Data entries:
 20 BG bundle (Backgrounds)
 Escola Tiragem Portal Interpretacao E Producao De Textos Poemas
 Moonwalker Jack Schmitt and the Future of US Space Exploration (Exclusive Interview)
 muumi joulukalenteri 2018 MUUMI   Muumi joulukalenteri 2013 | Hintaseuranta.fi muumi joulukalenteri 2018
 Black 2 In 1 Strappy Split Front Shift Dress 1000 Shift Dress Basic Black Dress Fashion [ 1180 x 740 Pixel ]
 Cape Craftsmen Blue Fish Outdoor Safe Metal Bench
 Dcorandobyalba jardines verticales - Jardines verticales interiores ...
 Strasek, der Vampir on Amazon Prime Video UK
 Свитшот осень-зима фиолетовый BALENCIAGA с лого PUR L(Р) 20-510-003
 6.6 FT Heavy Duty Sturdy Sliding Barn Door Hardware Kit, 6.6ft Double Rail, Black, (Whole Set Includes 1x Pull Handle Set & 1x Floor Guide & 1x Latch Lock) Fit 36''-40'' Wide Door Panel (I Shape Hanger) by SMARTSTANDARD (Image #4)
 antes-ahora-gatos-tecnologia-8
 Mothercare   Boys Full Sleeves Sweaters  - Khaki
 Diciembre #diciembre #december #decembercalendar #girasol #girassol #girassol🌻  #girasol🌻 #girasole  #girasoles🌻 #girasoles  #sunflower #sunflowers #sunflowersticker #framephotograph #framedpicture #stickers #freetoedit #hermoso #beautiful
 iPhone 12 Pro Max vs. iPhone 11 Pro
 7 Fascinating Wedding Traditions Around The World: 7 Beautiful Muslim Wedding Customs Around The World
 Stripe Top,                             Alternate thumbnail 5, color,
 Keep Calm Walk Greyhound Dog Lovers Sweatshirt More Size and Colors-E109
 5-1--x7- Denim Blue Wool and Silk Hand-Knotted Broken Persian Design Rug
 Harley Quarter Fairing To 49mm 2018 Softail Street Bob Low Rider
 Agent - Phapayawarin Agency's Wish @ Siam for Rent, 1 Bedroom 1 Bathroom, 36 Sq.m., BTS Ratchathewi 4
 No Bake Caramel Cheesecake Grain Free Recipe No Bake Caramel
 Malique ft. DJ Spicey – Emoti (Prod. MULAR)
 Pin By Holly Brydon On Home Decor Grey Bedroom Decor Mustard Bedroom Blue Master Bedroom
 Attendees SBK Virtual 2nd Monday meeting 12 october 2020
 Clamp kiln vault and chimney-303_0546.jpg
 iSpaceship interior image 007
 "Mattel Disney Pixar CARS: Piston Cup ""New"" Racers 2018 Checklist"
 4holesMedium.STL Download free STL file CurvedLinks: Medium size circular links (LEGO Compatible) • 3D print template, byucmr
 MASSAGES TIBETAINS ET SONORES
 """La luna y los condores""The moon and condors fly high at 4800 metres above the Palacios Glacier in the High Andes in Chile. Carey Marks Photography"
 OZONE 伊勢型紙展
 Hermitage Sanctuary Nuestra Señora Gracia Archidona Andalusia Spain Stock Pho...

_ASSIGNMENT_.
Copy the stretch of the records above that runs from the line with "Black 2 In 1" through the line with "MASSAGES TIBETAINS ET SONORES". Both end lines belong in the copy, and nothing else does.

_WRITTEN RESPONSE_.
 Black 2 In 1 Strappy Split Front Shift Dress 1000 Shift Dress Basic Black Dress Fashion [ 1180 x 740 Pixel ]
 Cape Craftsmen Blue Fish Outdoor Safe Metal Bench
 Dcorandobyalba jardines verticales - Jardines verticales interiores ...
 Strasek, der Vampir on Amazon Prime Video UK
 Свитшот осень-зима фиолетовый BALENCIAGA с лого PUR L(Р) 20-510-003
 6.6 FT Heavy Duty Sturdy Sliding Barn Door Hardware Kit, 6.6ft Double Rail, Black, (Whole Set Includes 1x Pull Handle Set & 1x Floor Guide & 1x Latch Lock) Fit 36''-40'' Wide Door Panel (I Shape Hanger) by SMARTSTANDARD (Image #4)
 antes-ahora-gatos-tecnologia-8
 Mothercare   Boys Full Sleeves Sweaters  - Khaki
 Diciembre #diciembre #december #decembercalendar #girasol #girassol #girassol🌻  #girasol🌻 #girasole  #girasoles🌻 #girasoles  #sunflower #sunflowers #sunflowersticker #framephotograph #framedpicture #stickers #freetoedit #hermoso #beautiful
 iPhone 12 Pro Max vs. iPhone 11 Pro
 7 Fascinating Wedding Traditions Around The World: 7 Beautiful Muslim Wedding Customs Around The World
 Stripe Top,                             Alternate thumbnail 5, color,
 Keep Calm Walk Greyhound Dog Lovers Sweatshirt More Size and Colors-E109
 5-1--x7- Denim Blue Wool and Silk Hand-Knotted Broken Persian Design Rug
 Harley Quarter Fairing To 49mm 2018 Softail Street Bob Low Rider
 Agent - Phapayawarin Agency's Wish @ Siam for Rent, 1 Bedroom 1 Bathroom, 36 Sq.m., BTS Ratchathewi 4
 No Bake Caramel Cheesecake Grain Free Recipe No Bake Caramel
 Malique ft. DJ Spicey – Emoti (Prod. MULAR)
 Pin By Holly Brydon On Home Decor Grey Bedroom Decor Mustard Bedroom Blue Master Bedroom
 Attendees SBK Virtual 2nd Monday meeting 12 october 2020
 Clamp kiln vault and chimney-303_0546.jpg
 iSpaceship interior image 007
 "Mattel Disney Pixar CARS: Piston Cup ""New"" Racers 2018 Checklist"
 4holesMedium.STL Download free STL file CurvedLinks: Medium size circular links (LEGO Compatible) • 3D print template, byucmr
 MASSAGES TIBETAINS ET SONORES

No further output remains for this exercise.